◆ Given information:
****************

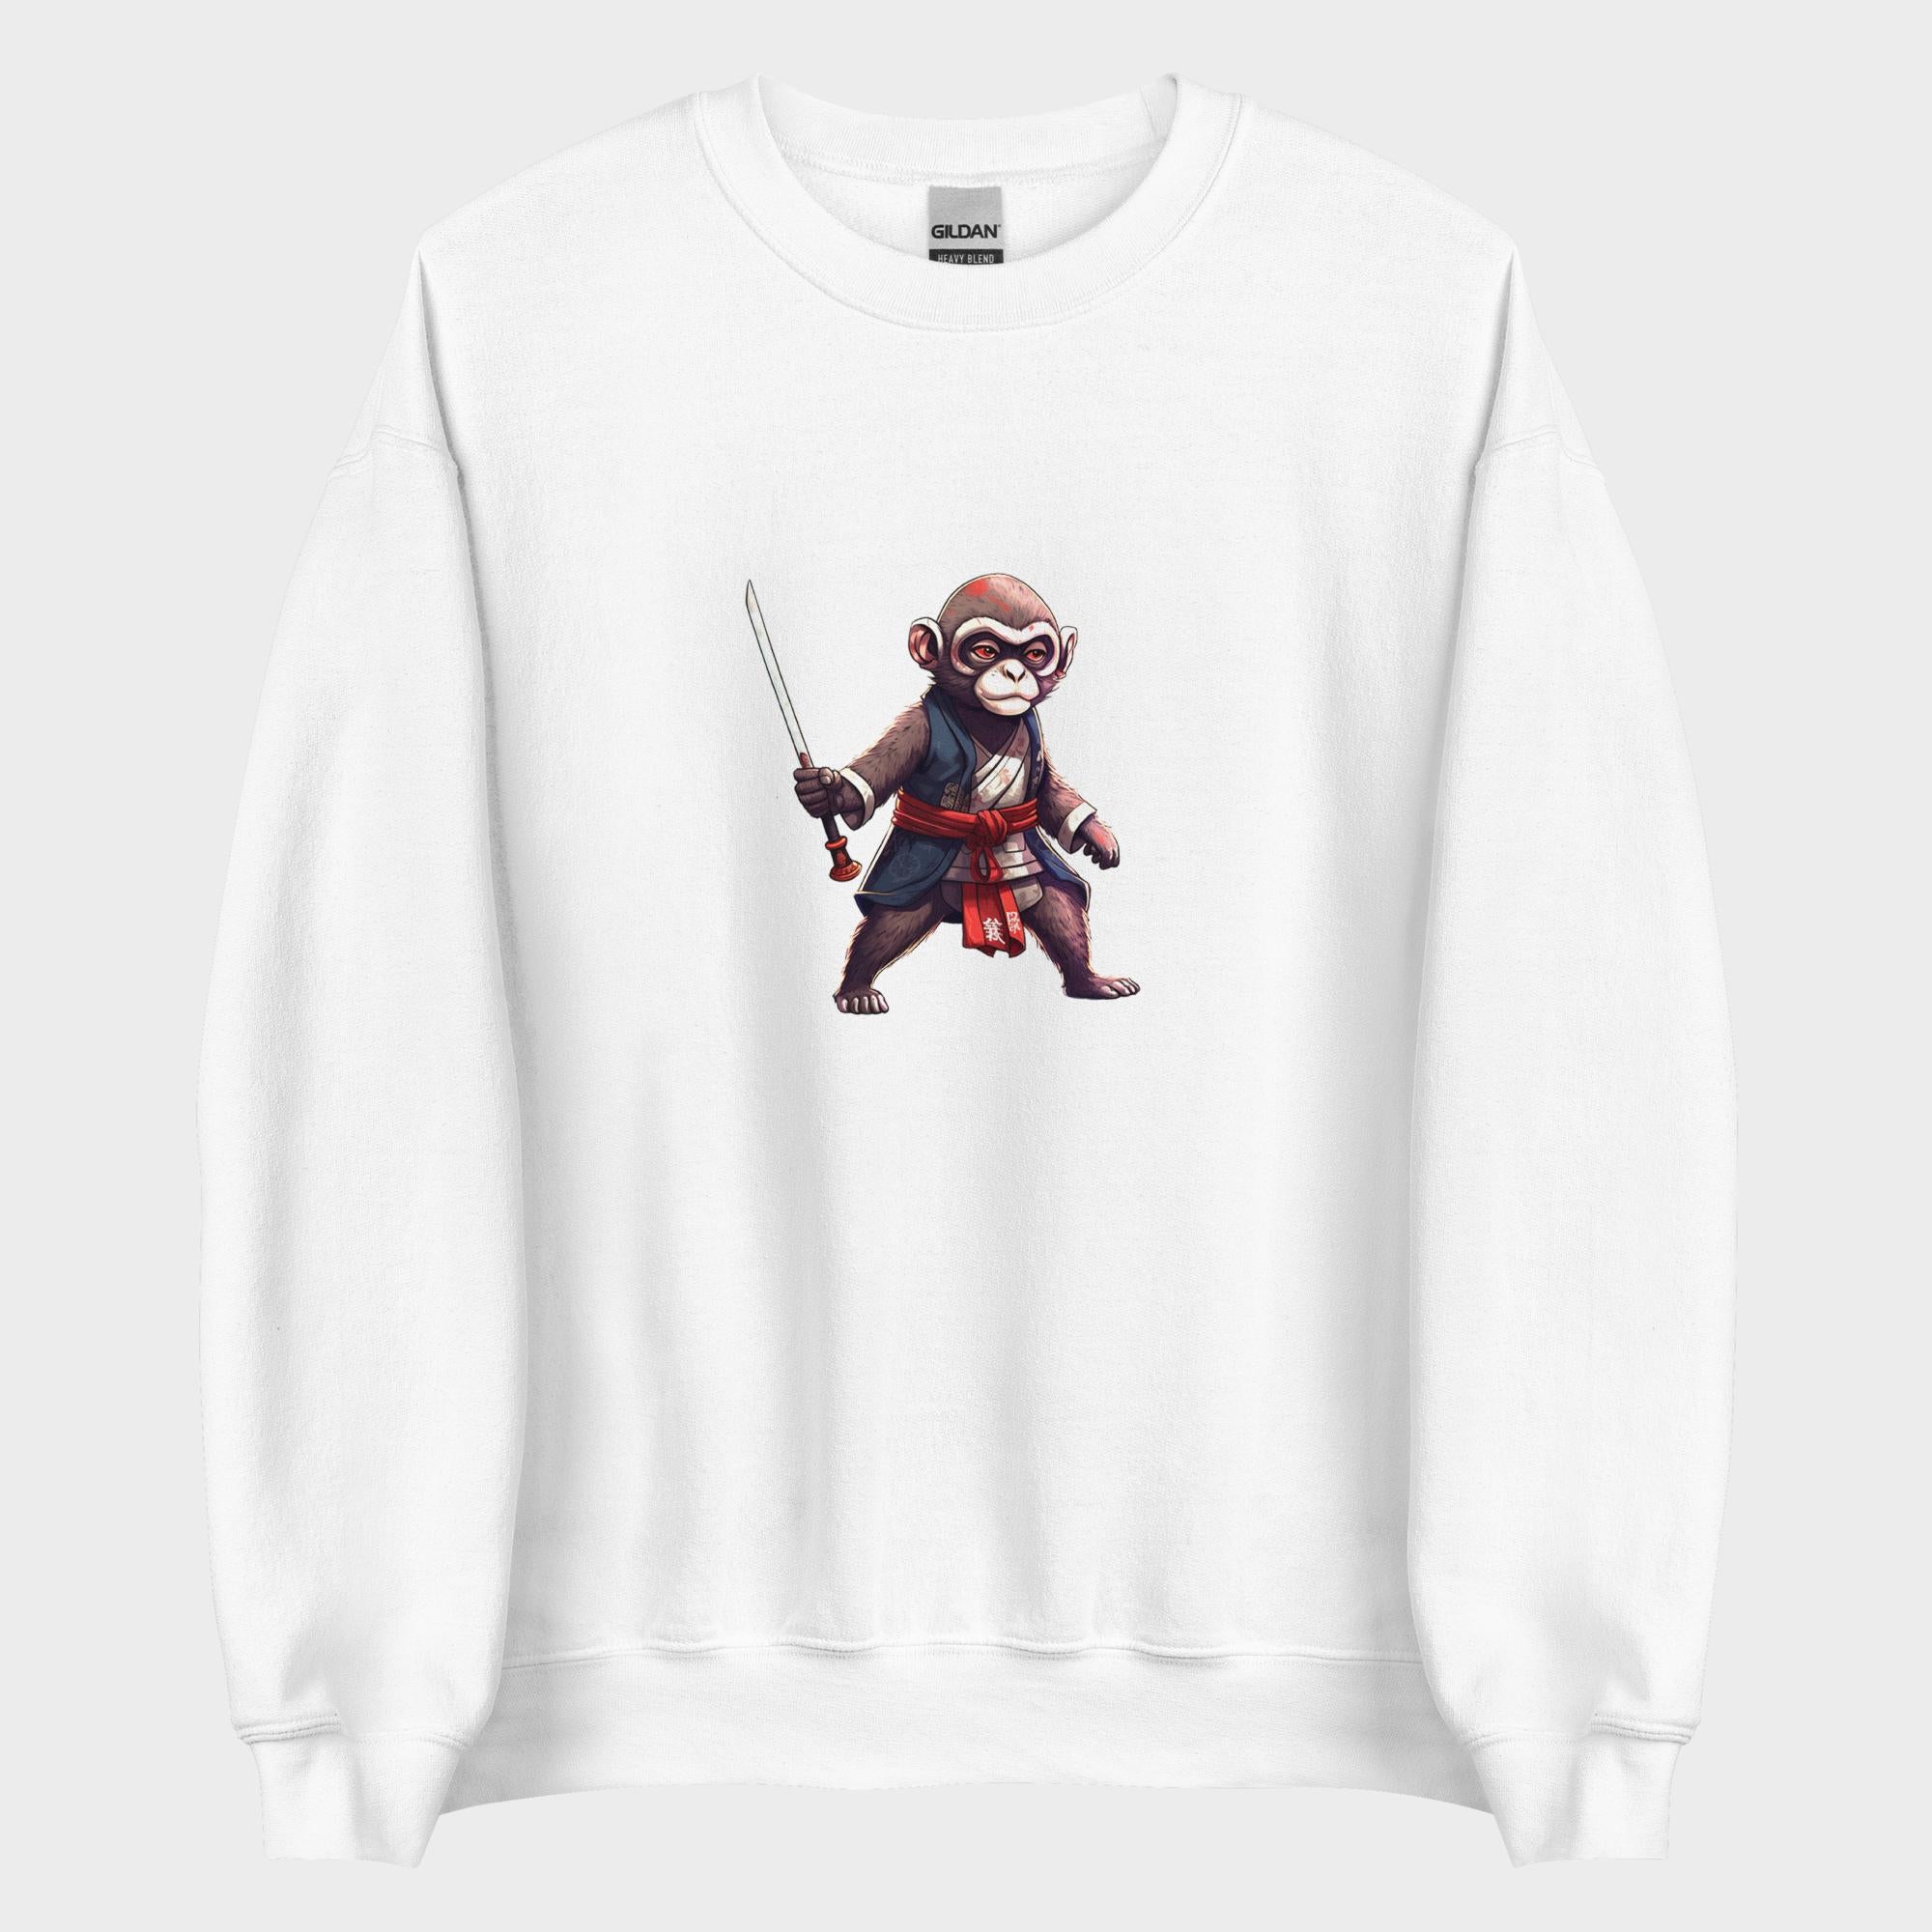 Monkey Business - Sweatshirt
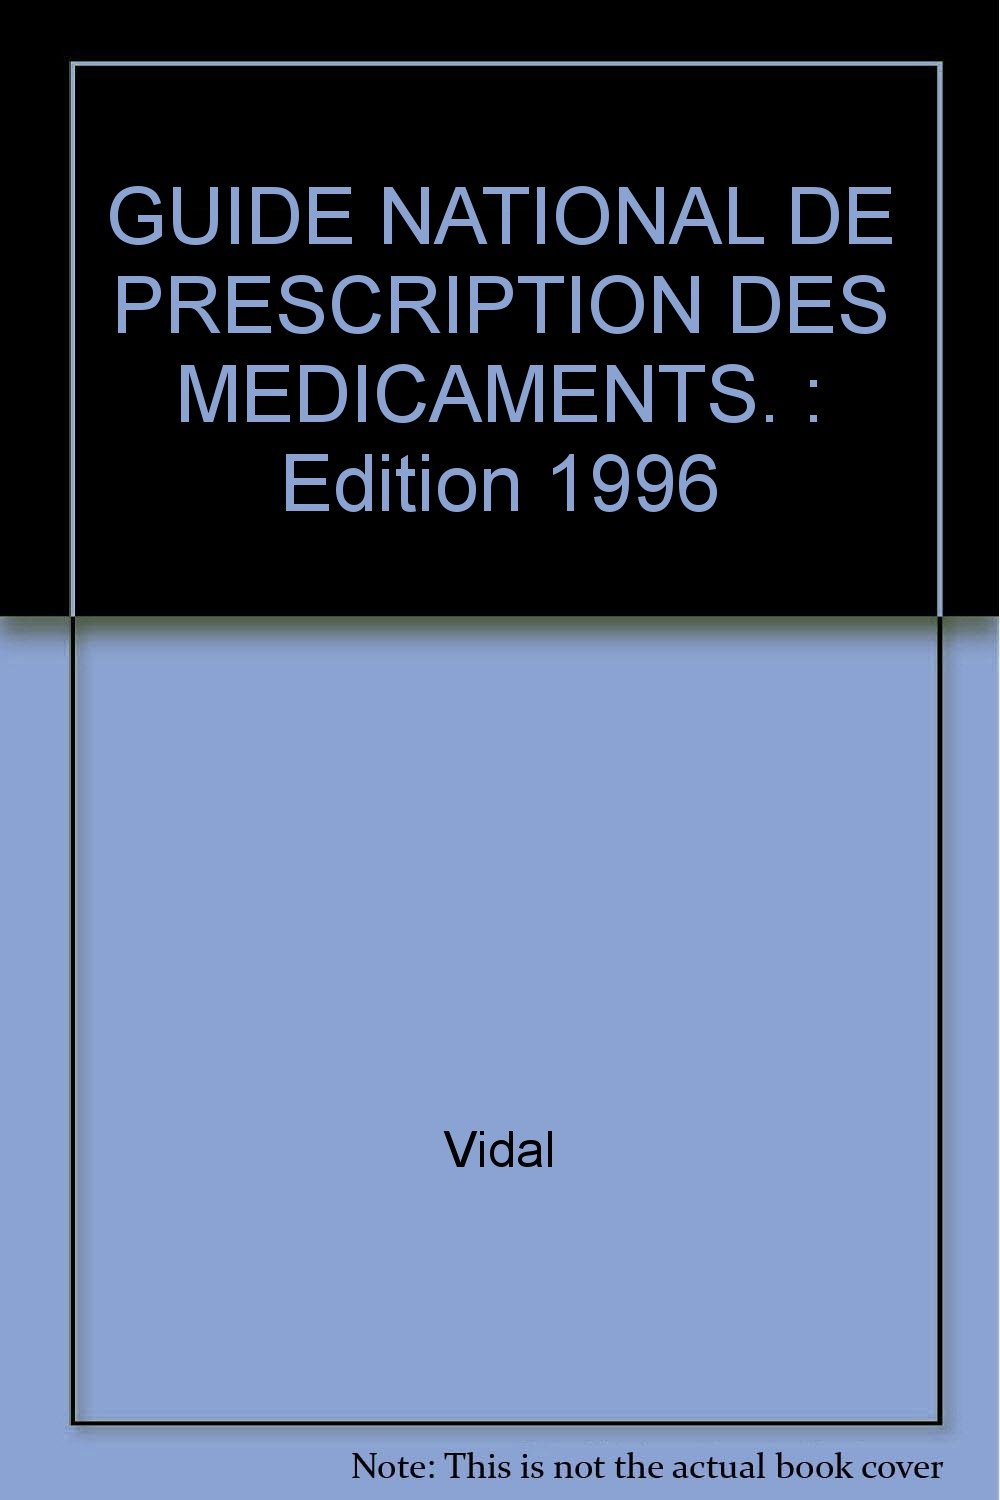 GUIDE NATIONAL DE PRESCRIPTION DES MEDICAMENTS.: Edition 1996
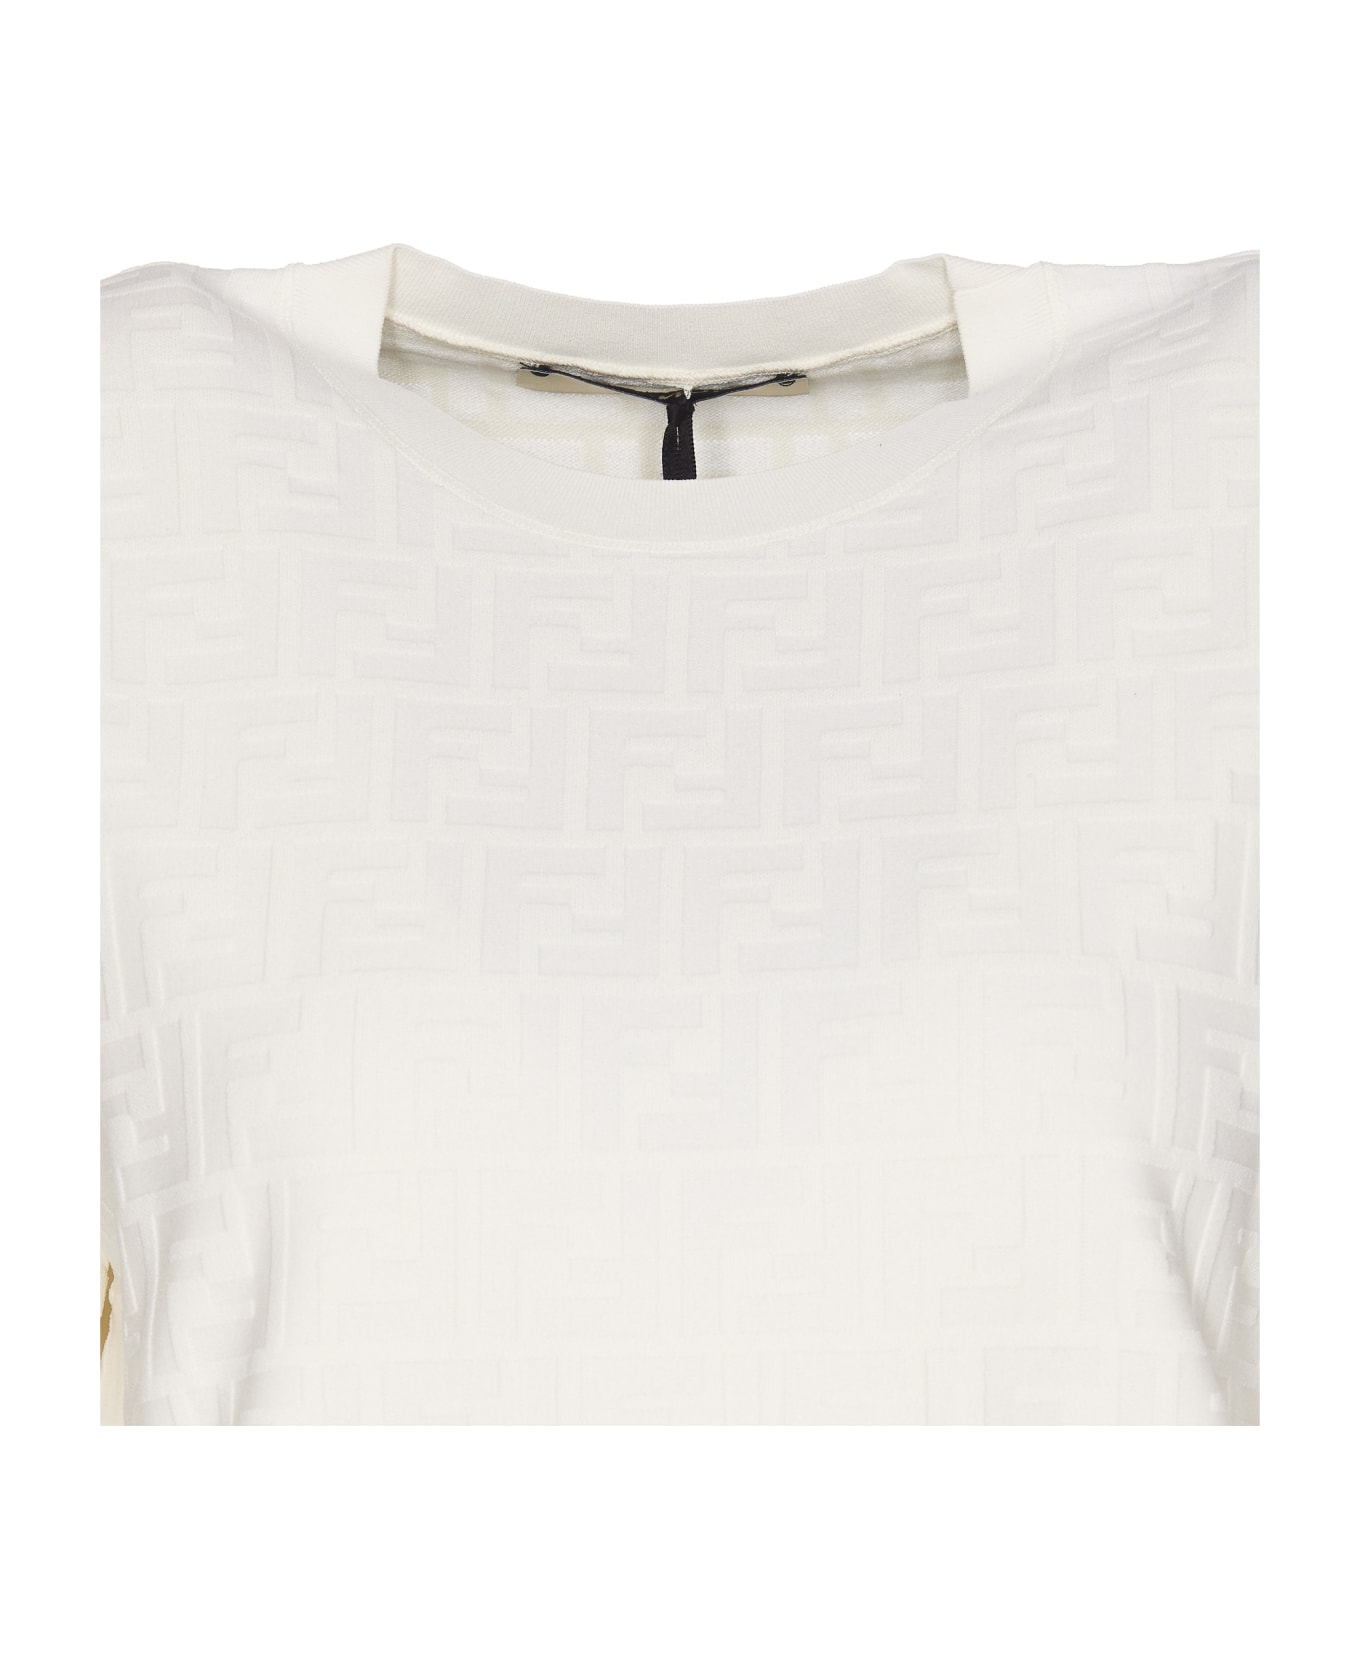 Fendi T-shirt - WHITE Tシャツ

****************

◆ Exercise details:
All of the data needs repeating exactly, but the pictures do not.

◆ Response to this exercise:
 Monkey Business - Sweatshirt
 GUIDE NATIONAL DE PRESCRIPTION DES MEDICAMENTS.: Edition 1996
 Fendi T-shirt - WHITE Tシャツ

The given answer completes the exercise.